Conventional approaches have focused on incremental improvements in power supply efficiency and cooling methods. In this talk, we present a fundamentally different strategy—a sustainable and scalable Uninterruptible Power Supply (UPS) architecture that harnesses and reduces waste heat from AI servers. By integrating multiple energy recovery technologies such as Organic Rankine Cycles (ORC), Thermoelectric Generators (TEGs), Stirling engines, and Peltier devices, the novel UPS system can vastly improve system performance and efficiency. This emerging architecture not only mitigates thermal and power challenges but also redefines waste heat as a renewable energy resource—paving the way for greener, more resilient AI infrastructure.
Zun Wu
Professor at College of Electrical Engineering, Zhejiang University, China.
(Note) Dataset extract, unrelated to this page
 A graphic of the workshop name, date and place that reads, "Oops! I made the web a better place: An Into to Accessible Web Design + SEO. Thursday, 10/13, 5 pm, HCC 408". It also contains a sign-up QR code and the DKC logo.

Zan Wu is currently a professor at College of Electrical Engineering, Zhejiang University, China. He served as researcher (2014-2017), and then associate professor (2018-2021) with the Department of Energy Sciences, Lund University, Sweden. His research focuses on sustainable computing, with an emphasis on energy-efficient thermal management for integrated circuits, power electronics packaging, and sustainable AI data centers.
Session: Environmental Impact of Sustainable AI Data Centers
This presentation addresses the urgent need to examine the environmental footprint of AI data centers, particularly their energy consumption and thermal management, as AI systems continue to scale. It explores the sustainability challenges of AI, focusing specifically on electricity supply to data centers and innovative cooling solutions designed to mitigate thermal inefficiencies.
First, the presentation examines the energy demands of modern AI workloads, emphasizing the strain these place on power grids and the crucial role of renewable energy integration in reducing associated carbon emissions. Next, it analyzes various thermal management strategies and cutting-edge cooling technologies that enhance energy efficiency without compromising computational performance, thereby advancing greener AI data centers.